While most of the women wanted—and even engineered—conventional courtship rituals, they all expressed a desire for a marriage in which breadwinning, child care and housework were shared equally. The men, self-identified as progressives and feminists themselves, also professed to want egalitarian marriages. But once married, the couples fell into conventional roles regarding cooking and housekeeping.

“In fact,” said Dr. Lamont said, “many of the men who expressed a strong commitment to feminism twisted themselves in knots trying to justify an unequal division of household labor. They would say things like, ‘Oh, cooking’s her thing. It’s her hobby.’ Or, ‘doing dishes is her thing. My thing is… sitting on the couch, not doing dishes.'”

Again, this was framed—by both the men and the women—as a personal preference: The woman just happens to like a clean house more than the man does; having clean laundry just happens to be more important to the woman than to the man. Participants were unable to see the structural, cultural edifices behind their behavior, believing that everything they did was just the result of individual quirks. Like the quirk of enjoying a clean kitchen and a hot meal every night.

“Women were left waiting around and subverting their own goals or creating narratives that hid their agency.”

Lamont writes that “privileged men continue to ‘talk the talk,’ but fail to ‘walk the walk.’ The women, who also insisted that these entrenched gender roles are a matter of personal choice, were both victims of and perpetrators of gender inequality.”

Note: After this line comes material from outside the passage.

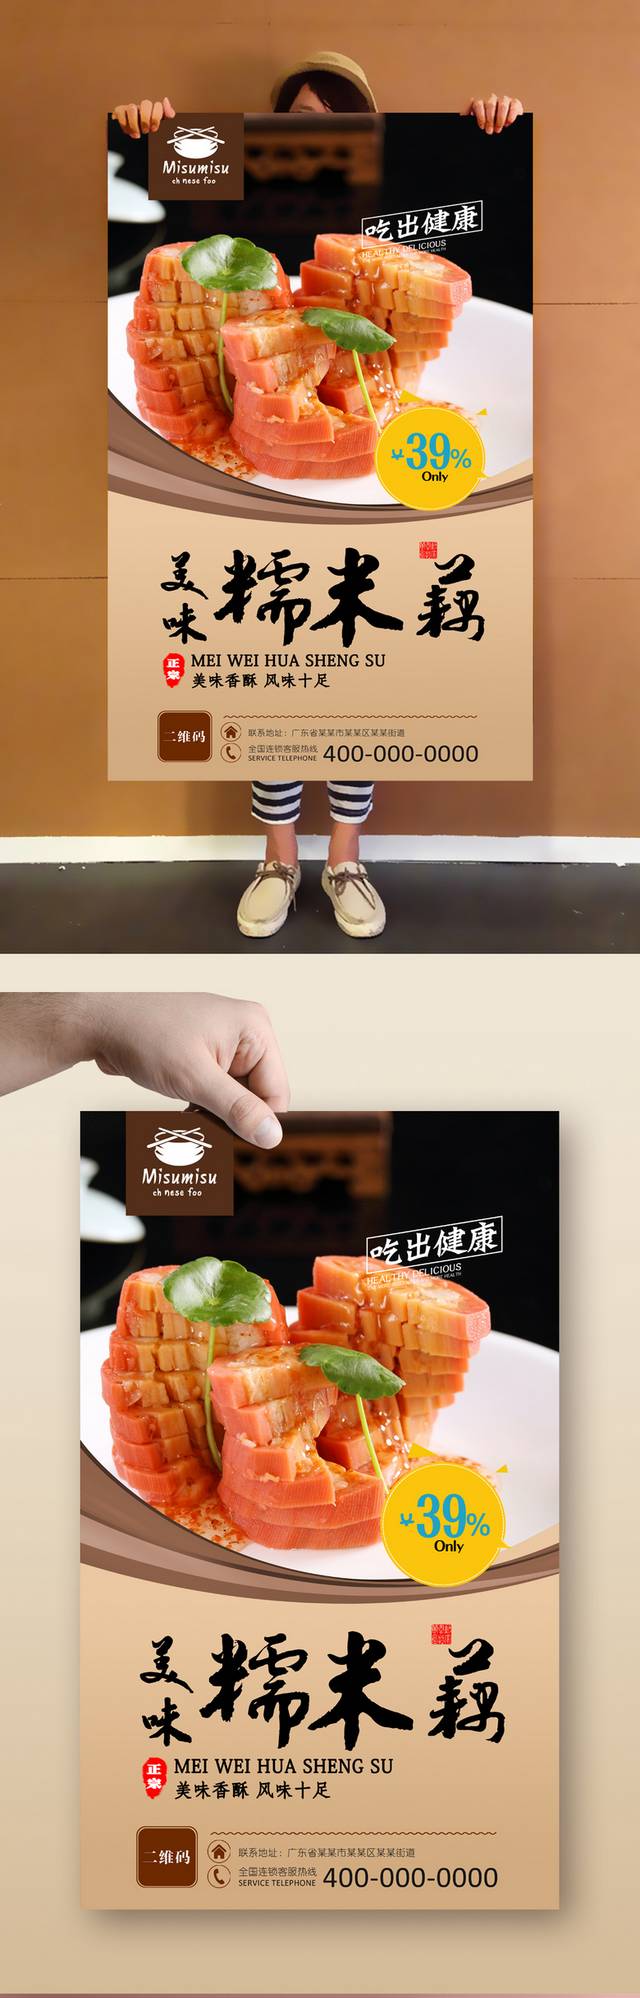 高清美味糯米藕宣传海报设计psd
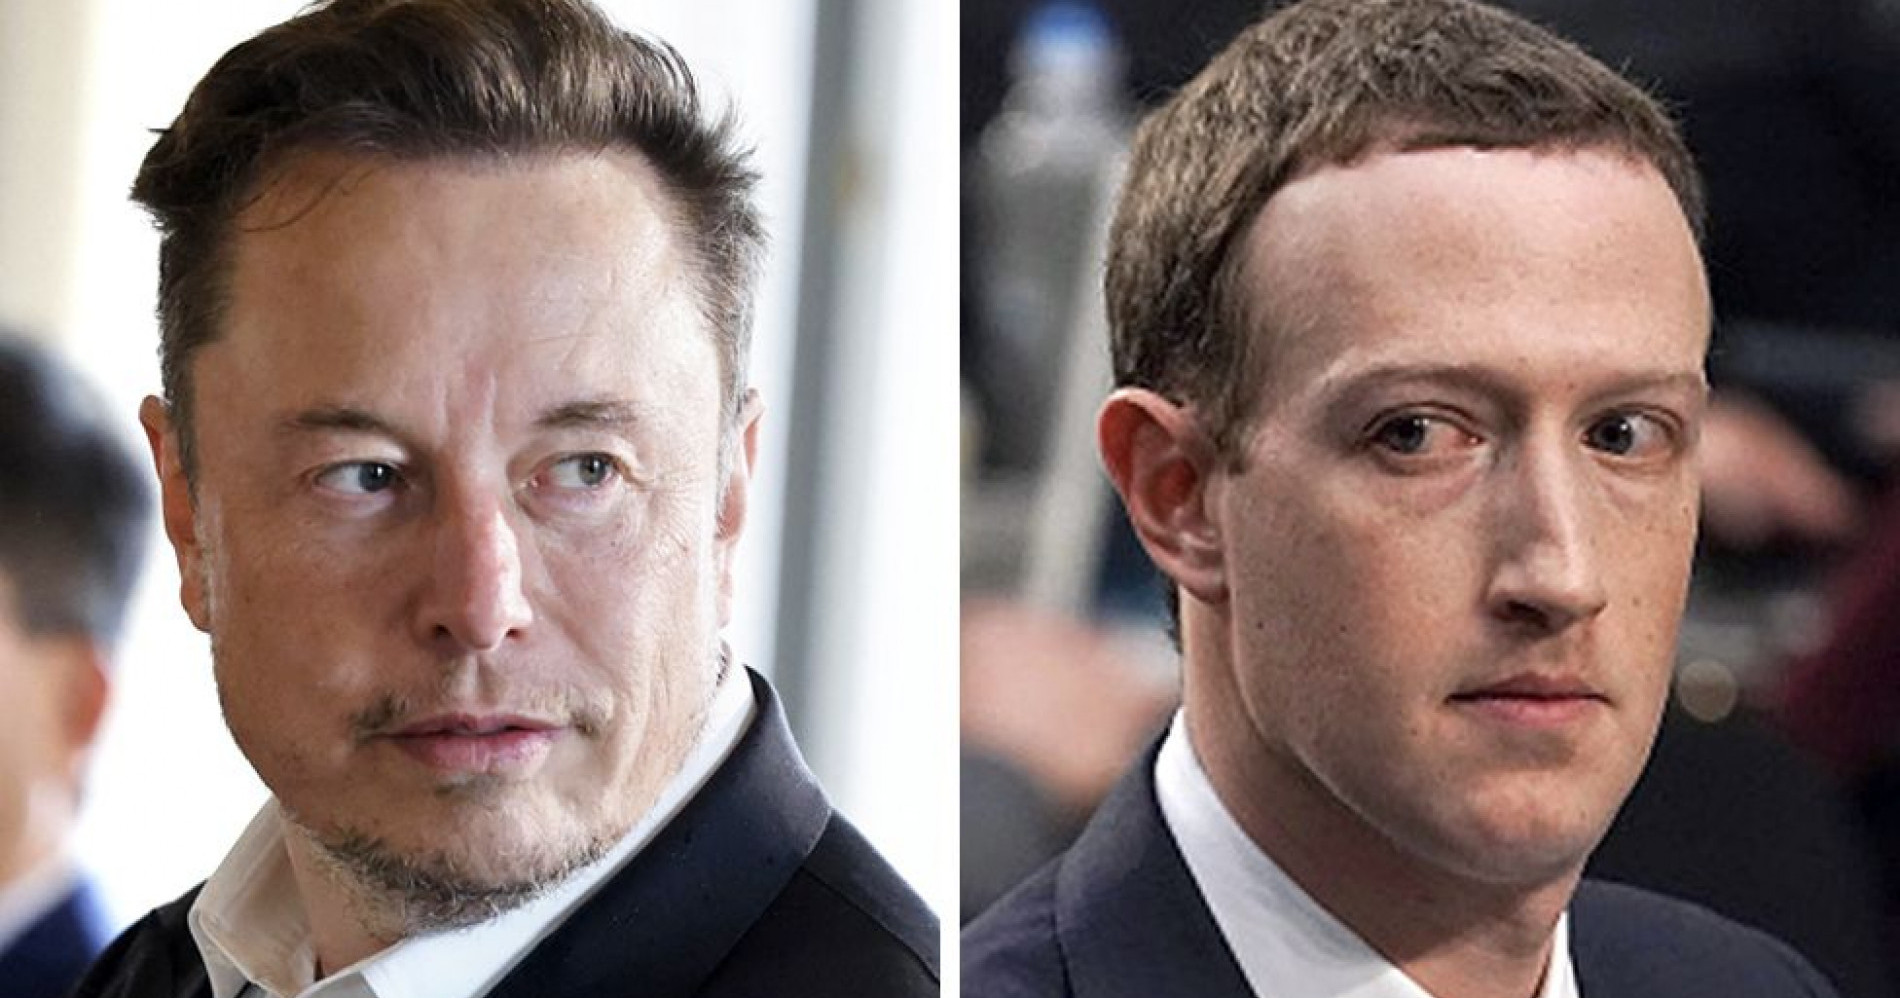 Elon Musk dan Mark Zuckerberg pengusaha hebat di industri teknologi dikabarkan akan adu fisik (Sumber Gambar: BBC)

Lamont concludes, “Internalizing the belief that proactive behavior would make them a less worthy partner, [women] either policed or concealed their behaviors in an effort to conform to the presumed needs and desires of men, revealing just how constrained women continue to be in their romantic relationships, even as they appear to take genuine pleasure in these conventions. This approach benefited men at the expense of women, as women were left waiting around and subverting their own goals or creating narratives that hid their agency.”

Lamont also notes that this makes things worse for women in positions of less power than the study’s middle-class sample: “Unfortunately, this approach not only limits the options for more privileged women, it also reinforces norms for women whose limited resources provide them with fewer opportunities to challenge gender inequality.”

So while we might understand from these two studies that both men and women are perpetuating conventional gender roles in romance—it’s the men who are benefitting from them. By sticking with the rules of traditional courtship, which are often unspoken, privilege accrues to the men in heterosexual relationships—the privilege of having agency in one’s dating life, the privilege of watching the Yankees while someone else puts away the groceries. The privilege, in my friend’s husband’s case, of not knowing where the cleaning rags are.